Bisphosphonates (BP), especially alendronate and risedronate, are the drugs most commonly used for osteoporosis treatment, being incorporated into the skeleton where they inhibit bone resorption and are thereafter slowly released during bone turnover. However, there are few data on the release of BP in patients who have received treatment with these drugs for osteoporosis. This information is essential for evaluating the possibility of BP cyclic therapy in these patients and for controlling their long-term presence in bone tissue. This study evaluated the urinary excretion of alendronate and risedronate in patients treated with these drugs for osteoporosis and analysed its relationship with bone turnover, time of previous drug exposure and time of treatment discontinuation. We included 43 women (aged 65±9.4 years) previously treated with alendronate (36) or risedronate (7) during a mean of 51±3 and 53±3 months, respectively, who had not been treated with other antiosteoporotic treatment and with a median time of discontinuation of 13.5 and 14 months, respectively. Both BP were detected in 24-hour urine by HPLC. In addition, bone formation (PINP) and resorption (NTx) markers were analysed. Both BP were also determined in a control group of women during treatment. Alendronate was detected in 41% of women previously treated with this drug whereas no patient previously treated with risedronate showed detectable urinary values. All control patients showed detectable values of both BP. In patients with detectable alendronate levels, the time of drug cessation was shorter than in patients with undetectable values (12 [6-19] versus 31 [7-72] months, p<0.001). Alendronate was not detected in any patient 19 months after treatment cessation. Alendronate levels were inversely related to time of treatment discontinuation (r=-0.403, p=0.01) and the latter was directly related to NTx (r=0.394, p=0.02). No relationship was observed with age, length of drug exposure, renal function or weight.

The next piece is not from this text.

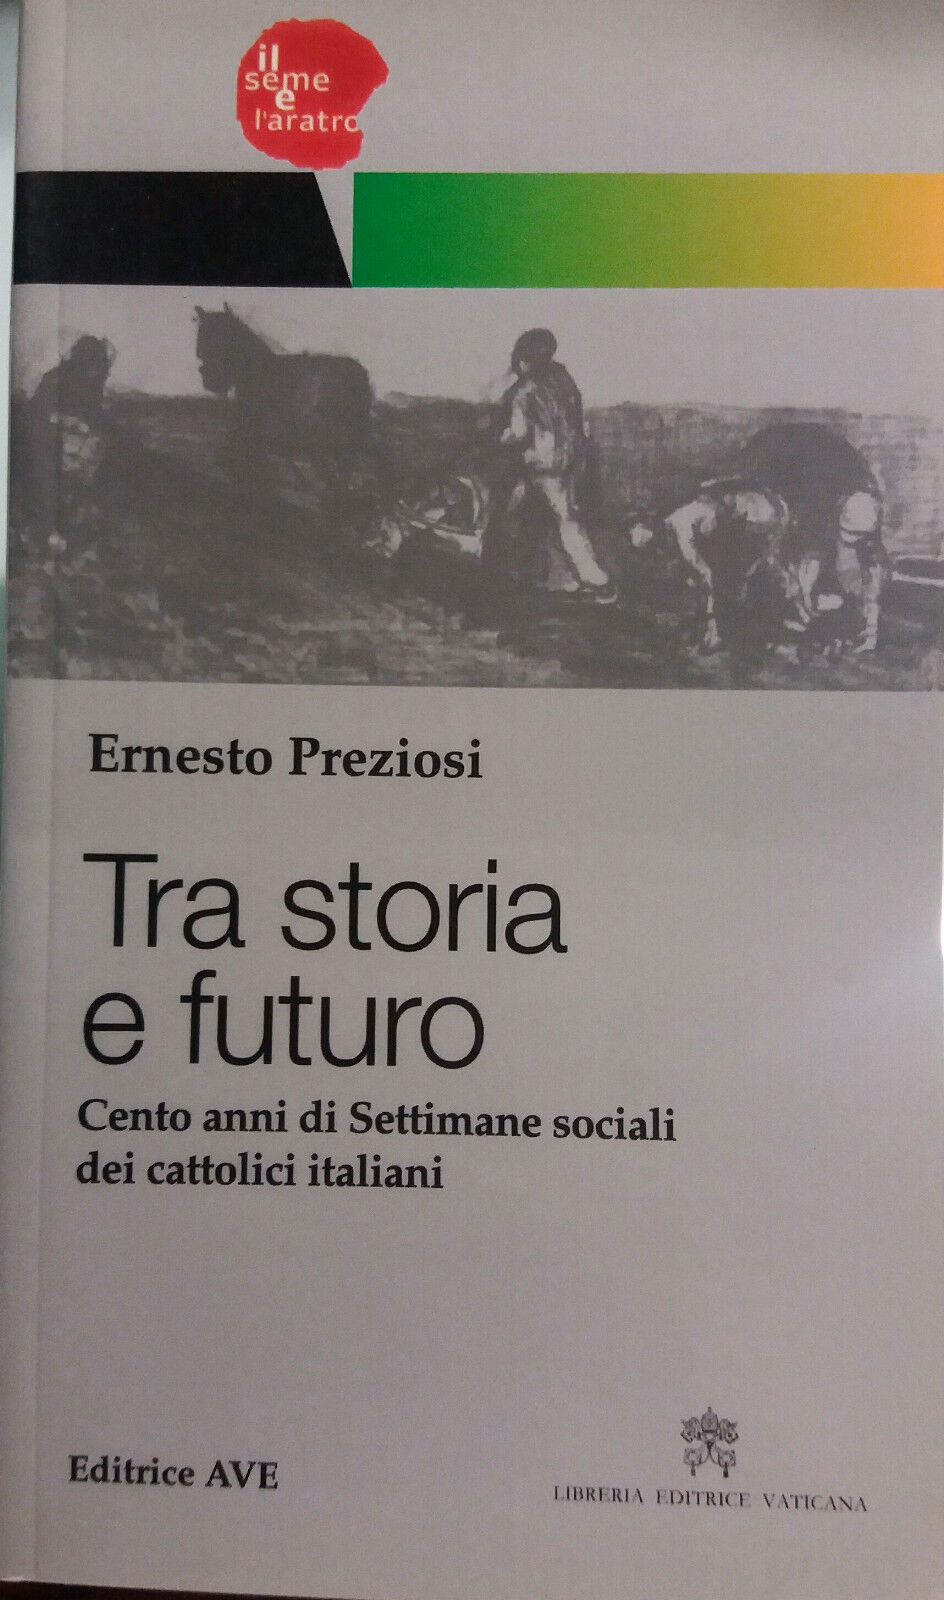 Tra storia e futuro - Ernesto Preziosi - Editrice AVE - 2010 - G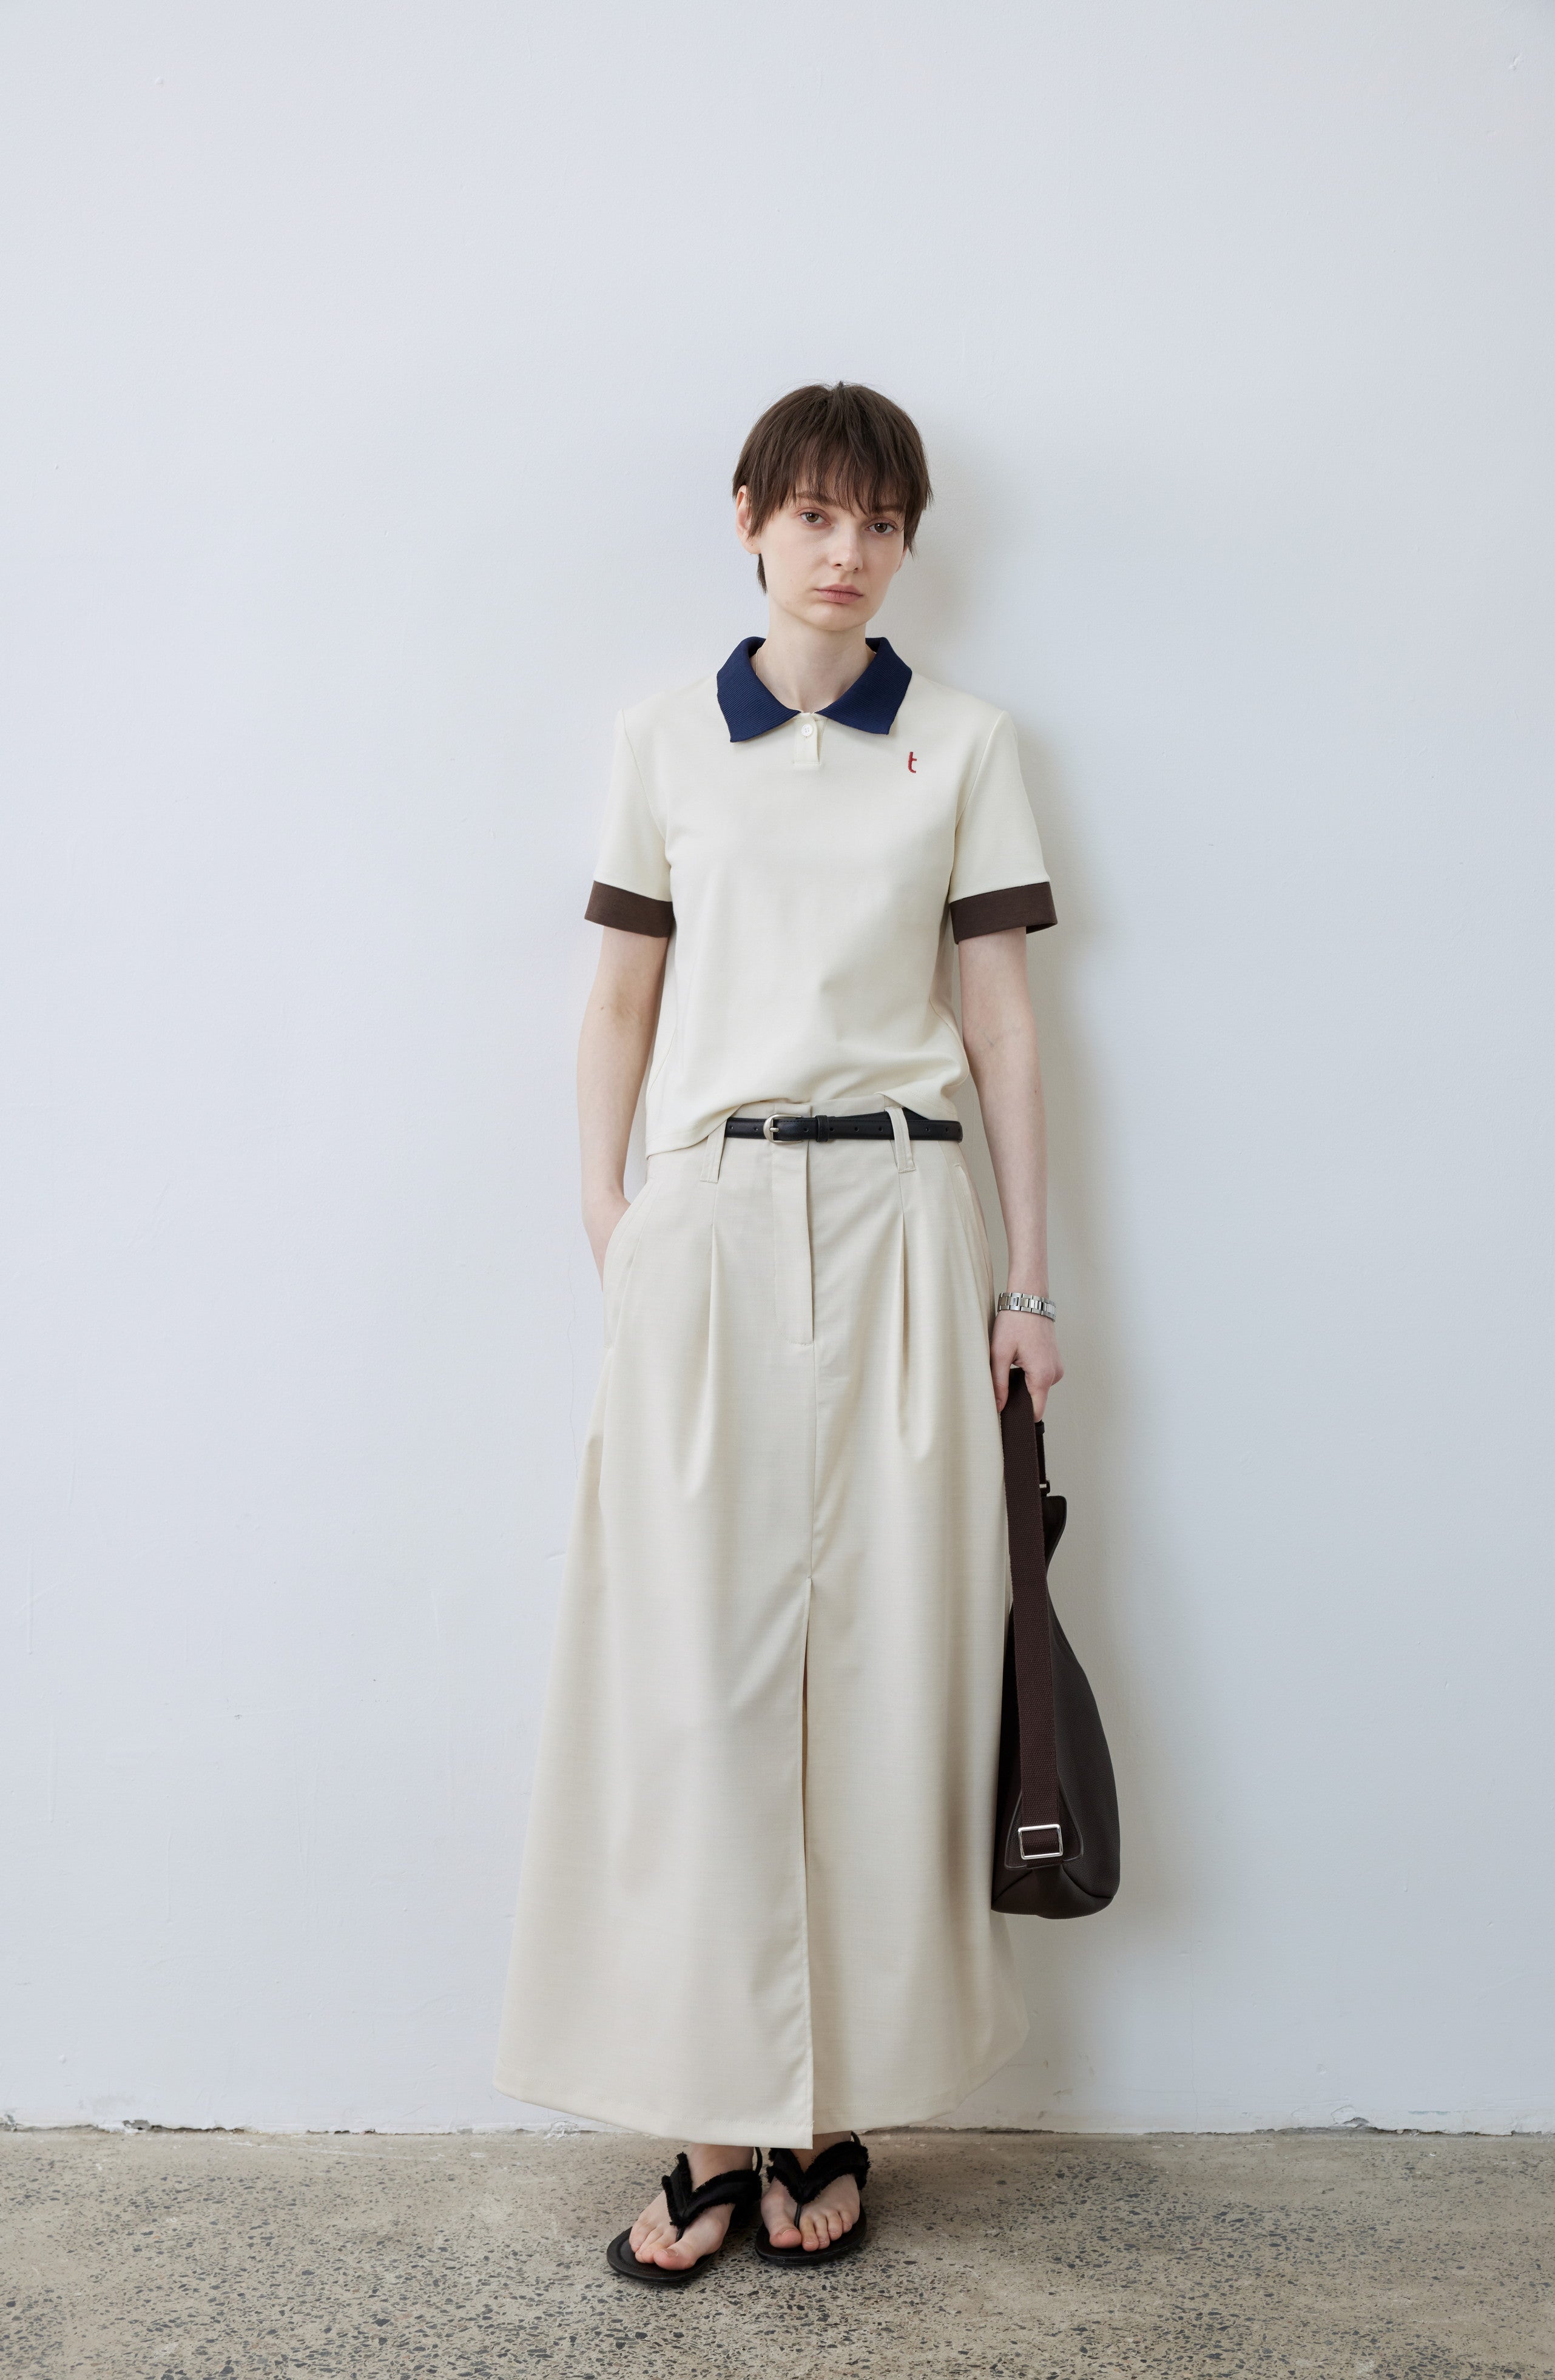 SLIT LINE SUIT SKIRT / スリットラインスーツスカート

In conclusion, contrary to risedronate, which was not detected in patients after cessation of treatment, alendronate was frequently detected in women previously treated with this agent up to 19 months after discontinuation of therapy. The relationship between alendronate levels and both bone resorption and time of treatment cessation further indicates a residual effect of this drug in bone, despite treatment discontinuation.

摘要

双膦酸盐(BP),特别是阿仑膦酸盐和利塞膦酸盐,是治疗骨质疏松症最常用的药物,它们被整合到骨骼中,抑制骨吸收,然后在骨转换过程中缓慢释放。然而,关于接受这些药物治疗骨质疏松症的患者中 BP 的释放数据很少。这些信息对于评估这些患者中 BP 循环治疗的可能性以及控制其在骨组织中的长期存在至关重要。本研究评估了接受这些药物治疗骨质疏松症的患者的阿仑膦酸盐和利塞膦酸盐的尿排泄情况,并分析了其与骨转换、先前药物暴露时间和治疗停药时间的关系。我们纳入了 43 名女性(年龄 65±9.4 岁),她们在平均 51±3 和 53±3 个月之前分别接受了阿仑膦酸盐(36 名)或利塞膦酸盐(7 名)治疗,并且没有接受过其他抗骨质疏松治疗,停药时间中位数分别为 13.5 和 14 个月。通过 HPLC 检测 24 小时尿液中的两种 BP。此外,还分析了骨形成(PINP)和骨吸收(NTx)标志物。在治疗期间还在一组女性对照中检测了两种 BP。在先前接受这种药物治疗的 41%的女性中检测到阿仑膦酸盐,而在先前接受利塞膦酸盐治疗的患者中没有检测到可检测的尿液值。所有对照患者均显示出两种 BP 的可检测值。在可检测到阿仑膦酸盐水平的患者中,停药时间短于不可检测值的患者(12 [6-19]与 31 [7-72]个月,p<0.001)。在停药 19 个月后,没有患者检测到阿仑膦酸盐。阿仑膦酸盐水平与停药时间呈负相关(r=-0.403,p=0.01),后者与 NTx 呈直接相关(r=0.394,p=0.02)。与年龄、药物暴露时间、肾功能或体重无关。总之,与停药后未检测到的利塞膦酸盐不同,阿仑膦酸盐在停药后 19 个月内仍频繁在先前接受该药物治疗的女性中检测到。阿仑膦酸盐水平与骨吸收和治疗停药时间之间的关系进一步表明,尽管停止治疗,但该药物仍在骨骼中产生残留效应。